The Defendants now submit that D13 was also available in mocha, also referred to as otter brown, shown here:
In my judgment, for the purposes of CUDR, the mocha colour would not strike the informed user such that D13 in mocha would produce on the informed user a different overall impression to C13 in black. The black and mocha colours are quite close and the difference would not strike the informed user. Given the other striking aspects of the shapes of the garments, the small difference in shade would not strike the informed user so as to produce a different overall impression. Therefore, D13 in mocha infringes both UKUDR and CUDR in C13.
C35/D35
I set out my judgment on C35/D35, with photographs, at paragraphs 253 to 264 of the Main Judgment. The photographs show that C35 and D35 were both available in baby pink. I found that D35 infringes UKUDR and CUDR in C35.
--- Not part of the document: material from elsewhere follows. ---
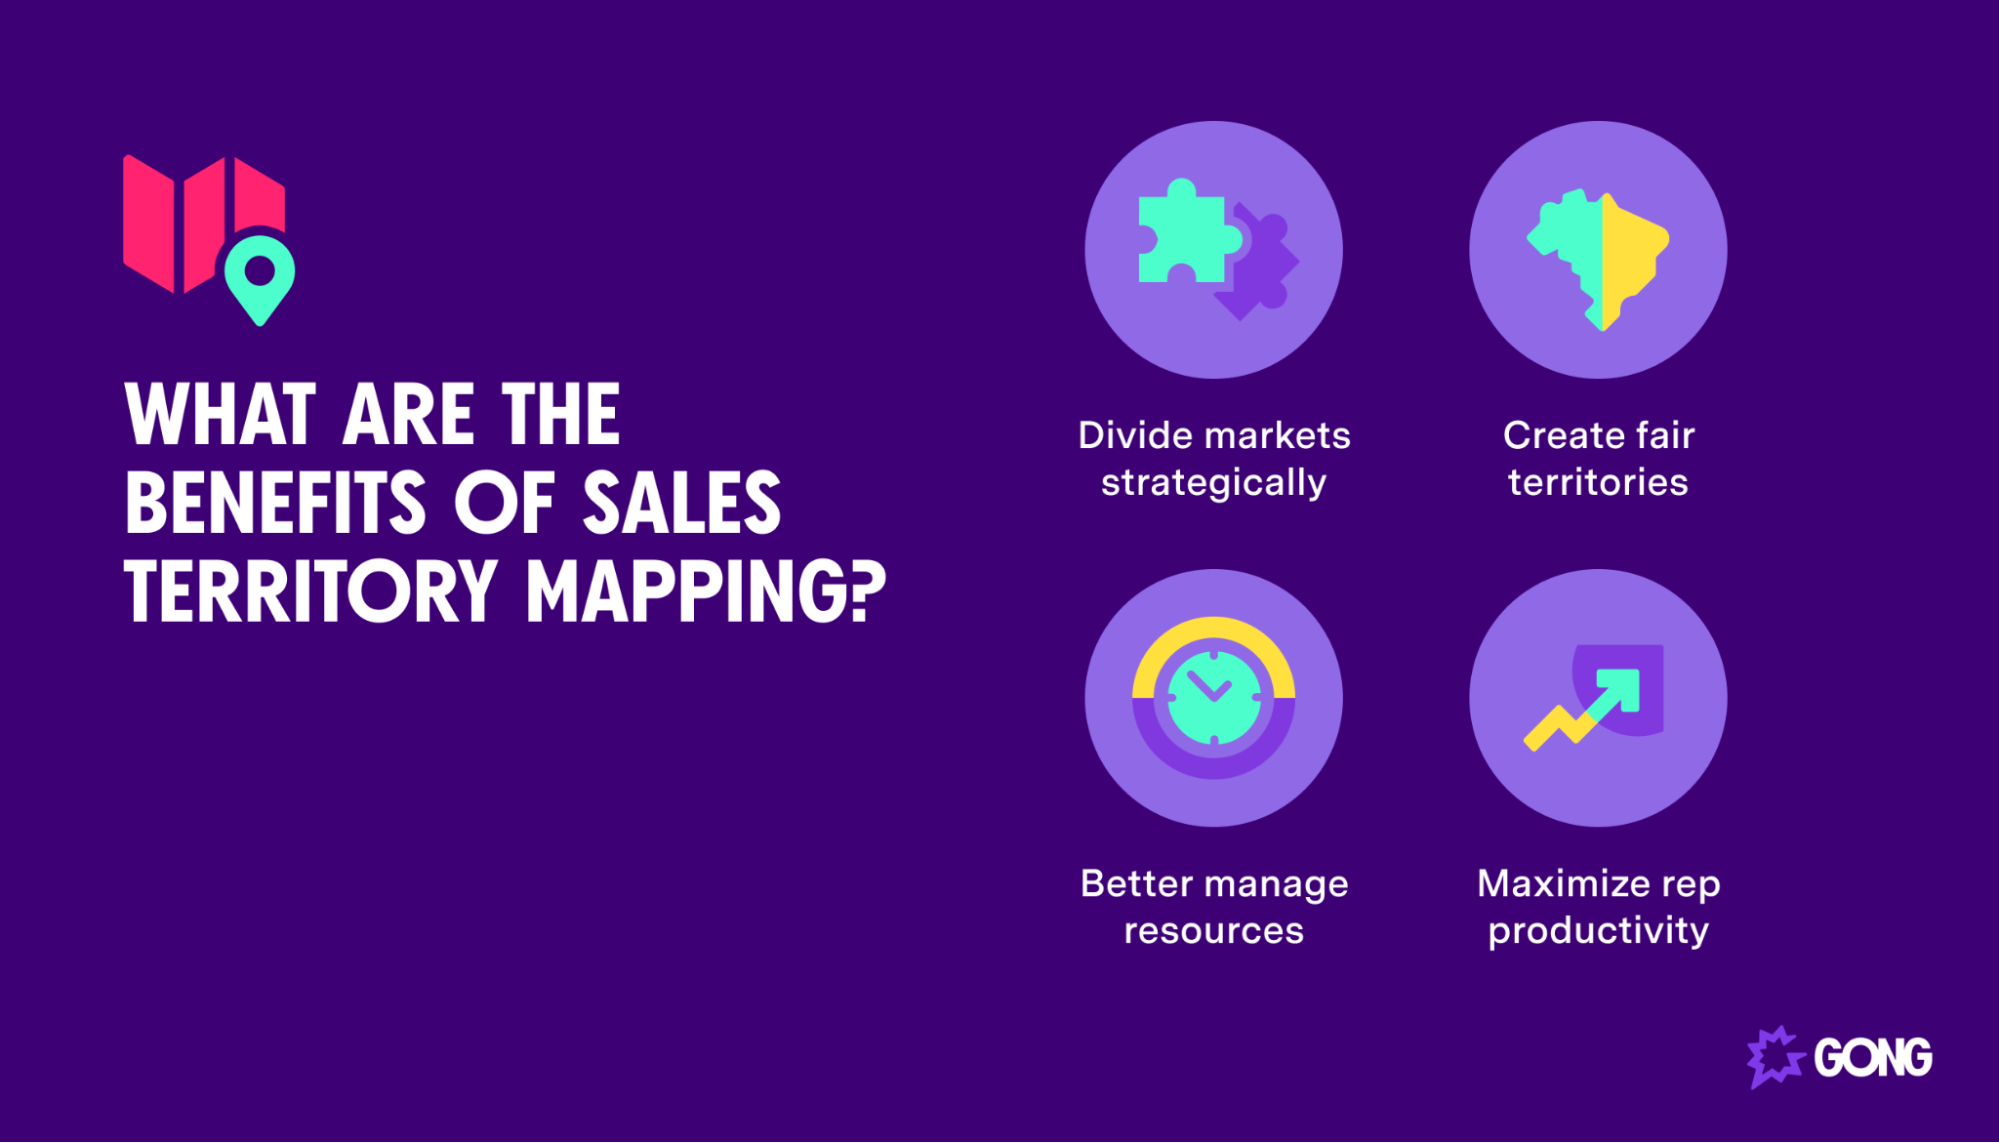 What are the benefits of sales territory mapping

The Defendants now submit that D35 was also available in blue, shown here:
In my judgment, for the purposes of CUDR, the blue colour would strike the informed user such that D35 in blue would produce on the informed user a different overall impression to C35 in pink. Whilst the pink and blue colours are both pastel tones, the overall impressions created by the pink and blue garments differ. Therefore, D35 in blue does not infringe CUDR in C35 in pink.
I am hopeful that this additional guidance will assist the parties in now agreeing the disposal of the remaining UKUDR and CUDR claims in relation to the 71 Remaining Garments.